Cataract can be determined in a Routine Eye Check-up. You may need to alter your prescription to support your vision to be optimal whilst your symptoms are mild. Your Optometrist can help track the progress of cataract and work with you in determining when you are ready for surgical treatment. As we have worked with you we can provide the bridge between you and your eye surgeon about your desired vision outcomes after surgery, such as the need for good distance vision for golf or the need for sharp near vision for sewing or hobbies.
Surgery for cataracts is a two step process that involves removing your cloudy lens and replacing it with a clear, plastic intraocular lens (IOL).
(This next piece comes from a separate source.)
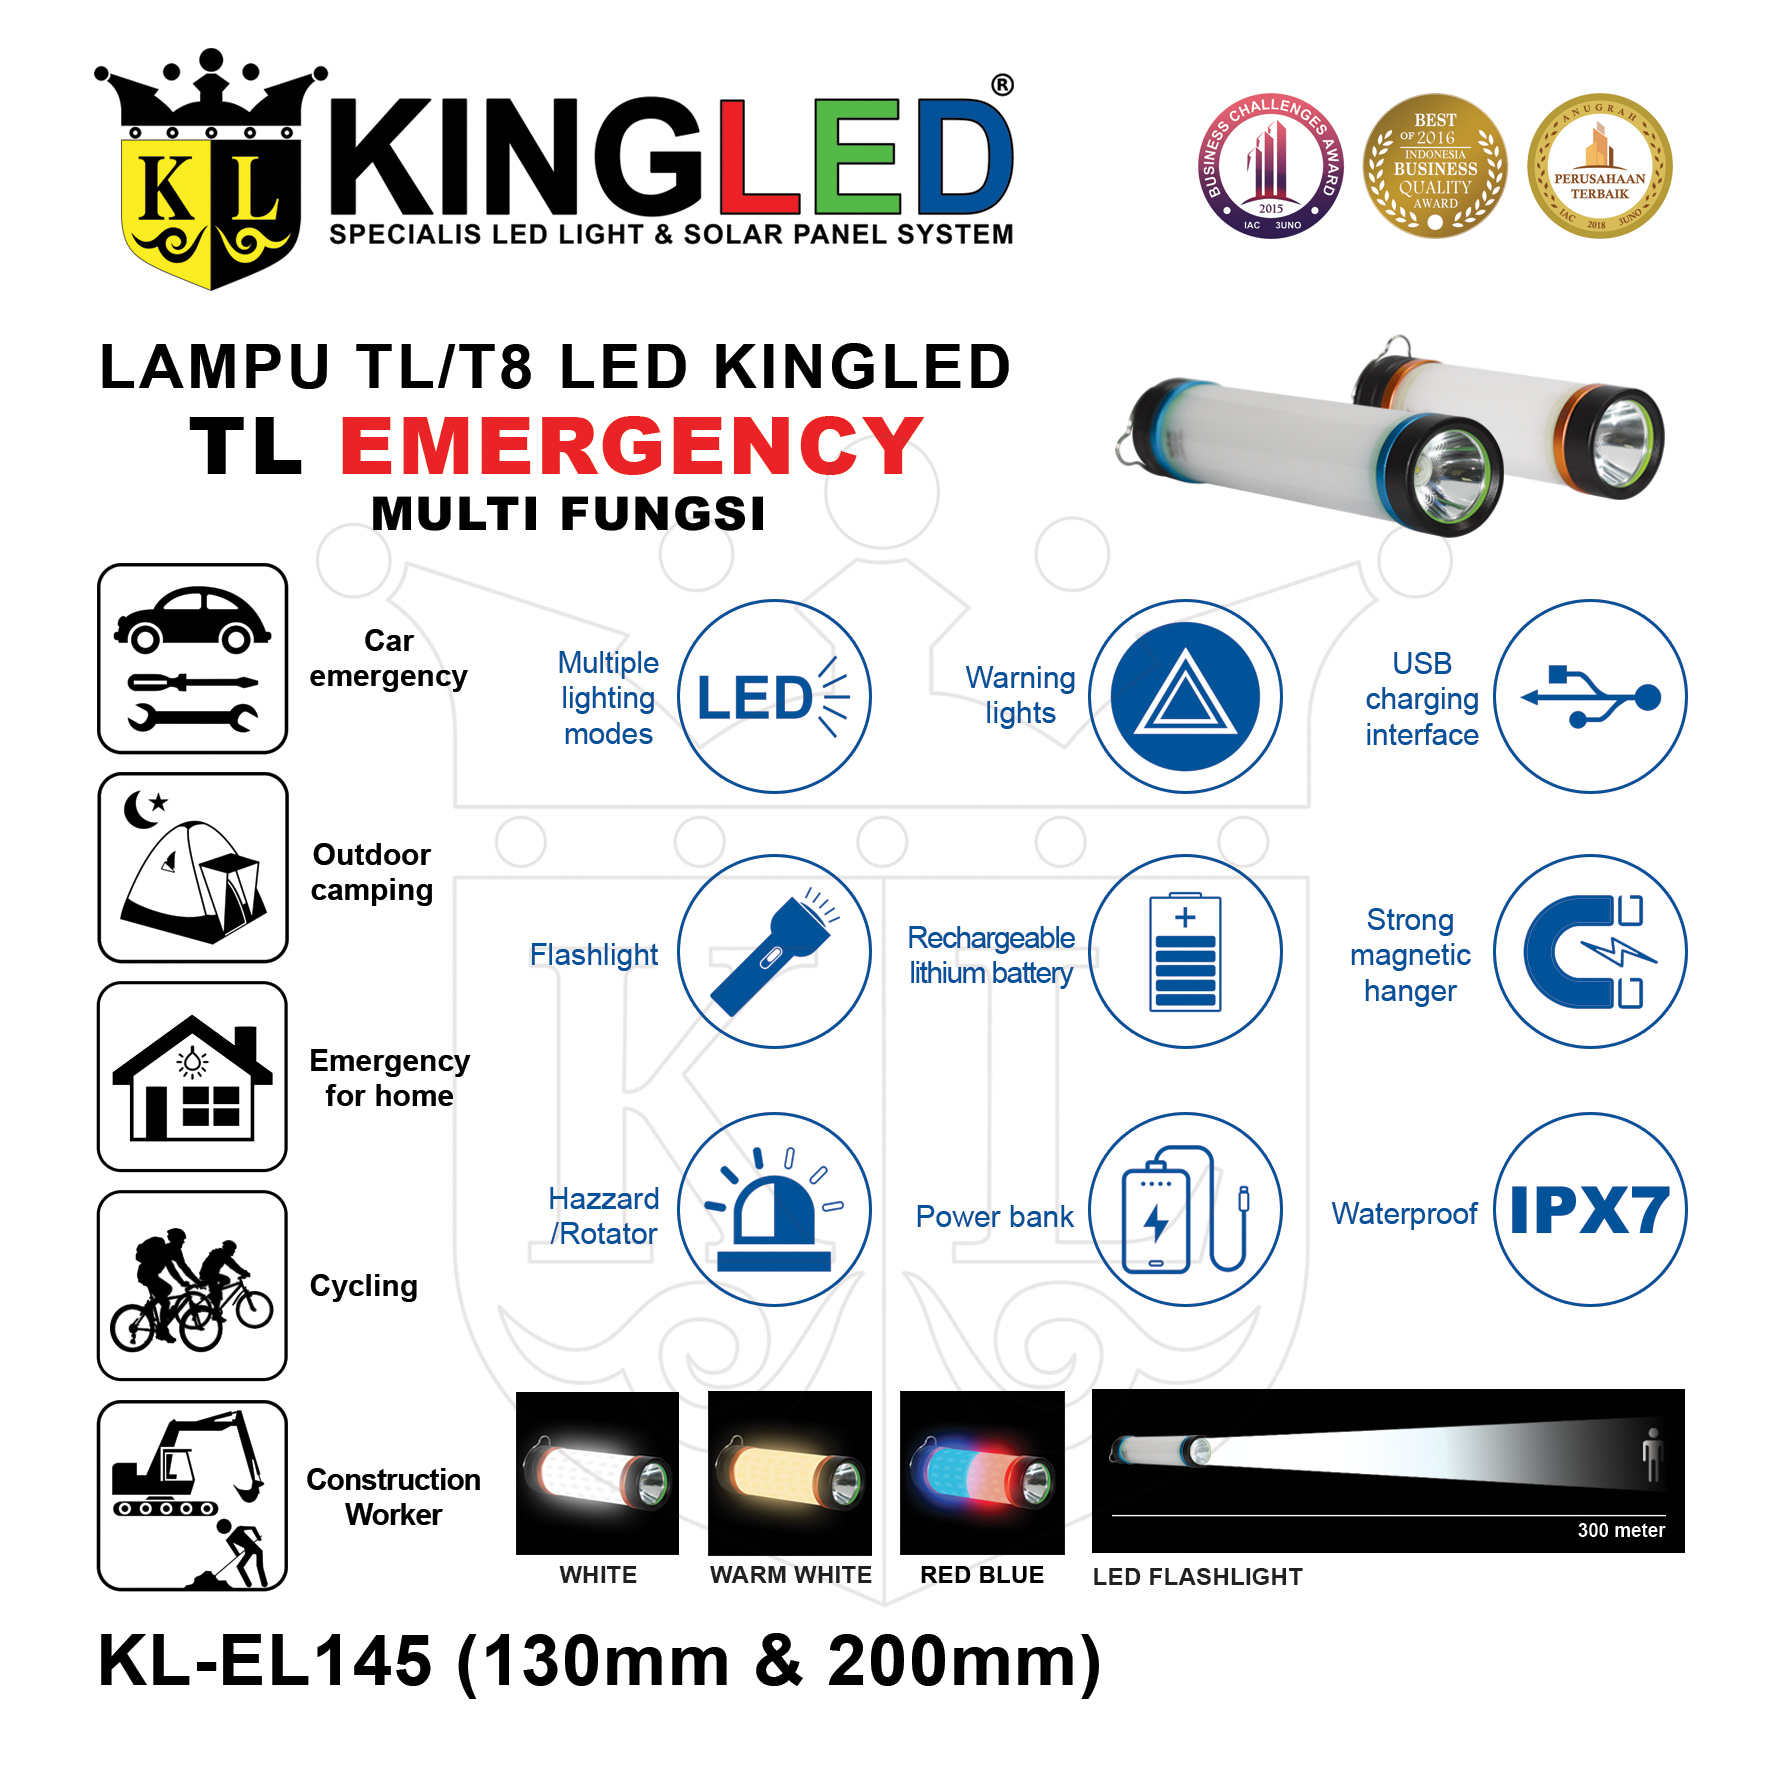 Lampu LED TL Emergency Multi Fungsi 5 Watt Lantern Torch Outdoor Flashlight Senter

Cataract surgery is a safe outpatient microsurgery. The surgery only takes a few moments and for most, no stitches are required. After the surgery, patients return home and resume normal activities in a couple of days. The result of the surgery is a lens clear of cloudiness and an improvement in your vision.
The need for some use of eyeglasses after surgery is common. Your Ophthalmologist (surgeon) will review your healing some 3 to 4 weeks after surgery. Your course of eye drop therapy will be finalised and at this stage you can have your eyes re-tested by your Optometrist.
It is important to continue your regular eye examinations after cataract surgery to continue to monitor your eye health as you age. Having had cataract surgery does not exclude you from other eye diseases.